Her opponent, Democrat Paula Aboud, wasn't well known in political circles until she climbed into the ring after Anderson unexpectedly announced his decision to retire early this year. But the Aboud name is well-known in legal circles; following in their late father's footsteps, three of her siblings are local lawyers and the family owns an extensive empire of rental properties.
The 51-year-old Aboud graduated from Tucson High (Class of '68) and earned a degree in English from the University of Arizona (Class of '72). She taught for six years at Rincon High and one year at Sabino High before leaving Tucson in 1984 for a job at Colby College in Maine, where she got involved in politics.
Aboud returned to Tucson in 1992 and hooked up with a coalition of neighborhood associations, where she says she found a "grassroots sense of politics."
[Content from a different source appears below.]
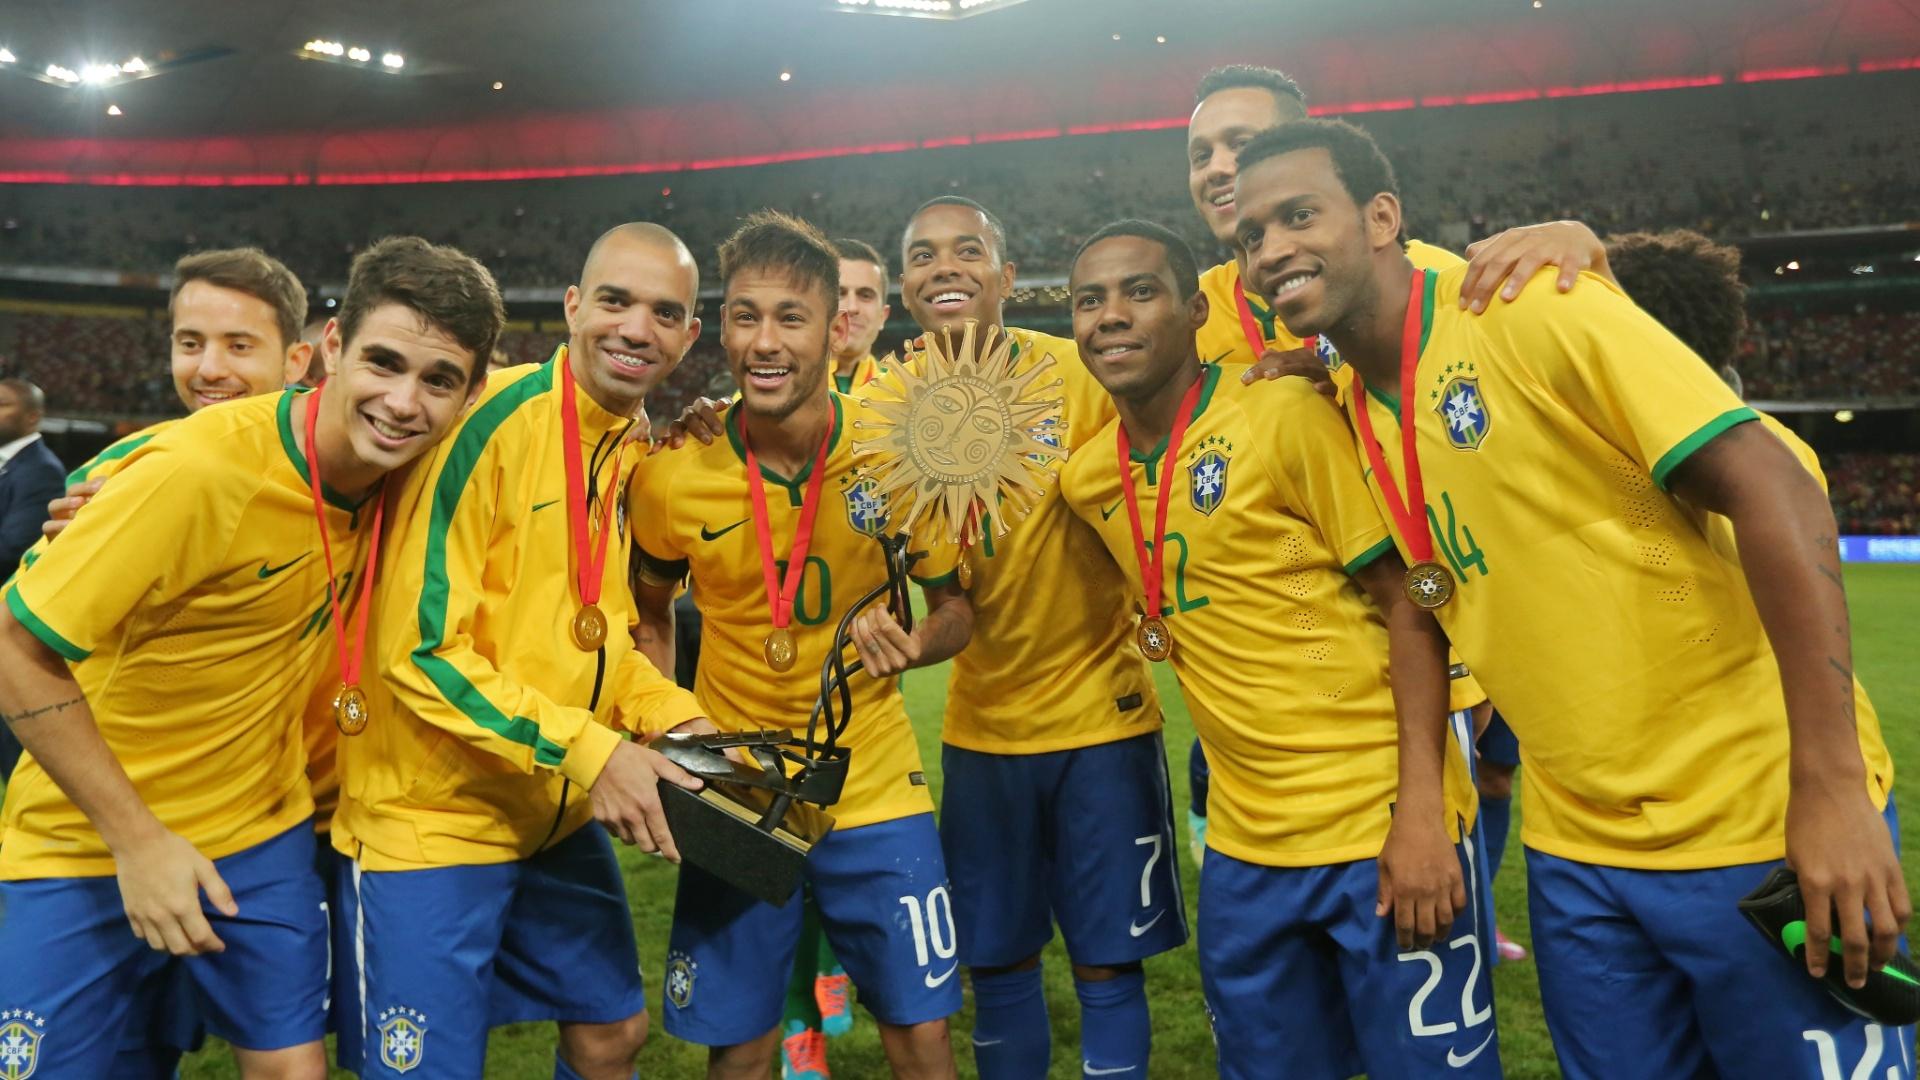 Jogadores da seleção, com Neymar ao centro posam para fotos com o troféu do Superclássico das Américas, conquistado após a vitória por 2 a 0 sobre a Argentina em Pequim
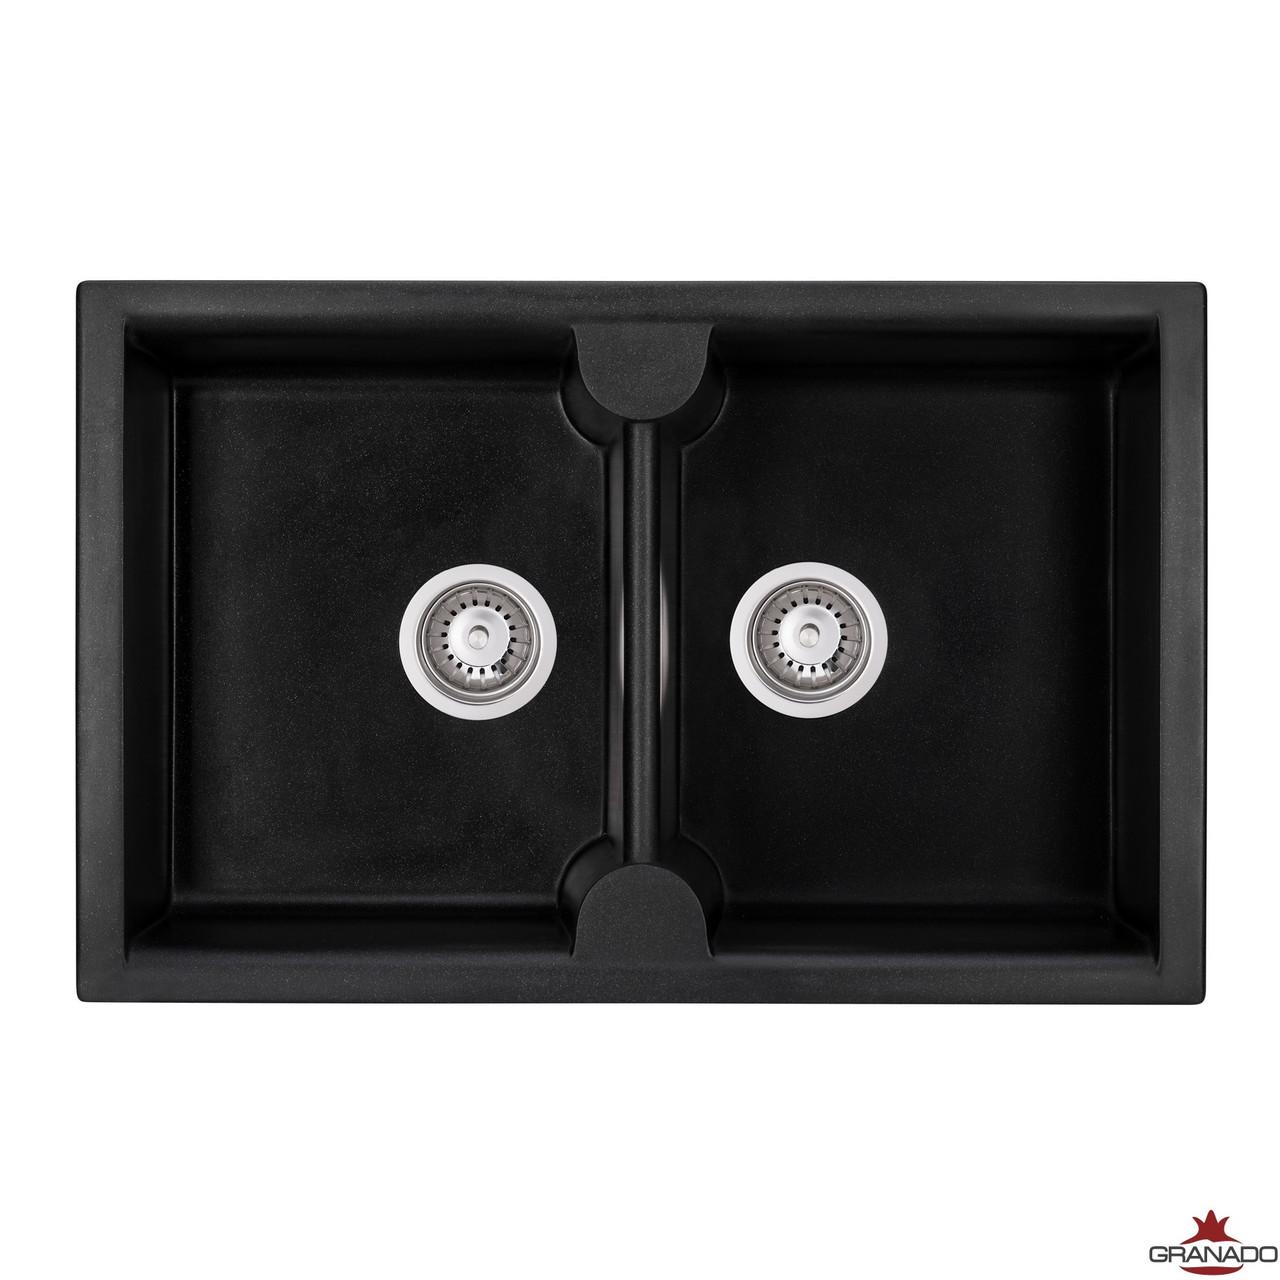 Мойка из гранита Cordoba Black Shine с двумя глубокими чашами прямоугольной формы от производителя Granado

As a rookie politician, Aboud has plenty of rough edges. She sidesteps questions, calls for citizen committees to make decisions and complains about the council's lack of vision while offering little herself. But her strong opposition to the development community was good enough for Ward 3 voters; in last month's primary, Aboud easily beat her Democratic opponent, victim-rights advocate Vicki Hart, by a 3-to-1 margin. Aboud has found considerable strength in Tucson's neighborhood movement.
Aboud criticizes Dunbar for not belonging to a neighborhood association, but Dunbar says there's no formal organization in her neighborhood. At her previous eastside home, she says she was active in the organization, working alongside Carol West, a former council aide who now represents Ward 2.
Aboud has been taking swings at Dunbar since she started campaigning. Aboud has called her opponent a "political opportunist" and, in an interview earlier this year, she declared, "I'm not going to give away this city to someone who doesn't have a history here, or a love of this city or a vision for Tucson. I'm not going to give it up without a fight."
Despite those attacks, Aboud reacted swiftly last week to a Weekly report criticizing the condition of some her family's properties ("Trash Talk," October 4). In a downtown press conference, she announced her campaign would stick to the issues and encouraged the opposition to refrain from mudslinging.
The candidates clash on many of the social issues the city has tackled. Aboud supports the ban on smoking in restaurants, while Dunbar opposes it. Aboud says the city should stop allowing gun shows at the TCC, while Dunbar says the city has no right to block the shows or enact background checks.
Both oppose fees for garbage collection, which they'd cut to once a week (while adding weekly recycling collection).
Aboud says she's reluctant to support a half-cent sales tax hike for transportation funding, calling it a blank check for the transportation department, while Dunbar says she'd probably send the plan to voters. "It absolutely kills me to say that, but I don't know what else we're going to do," she says.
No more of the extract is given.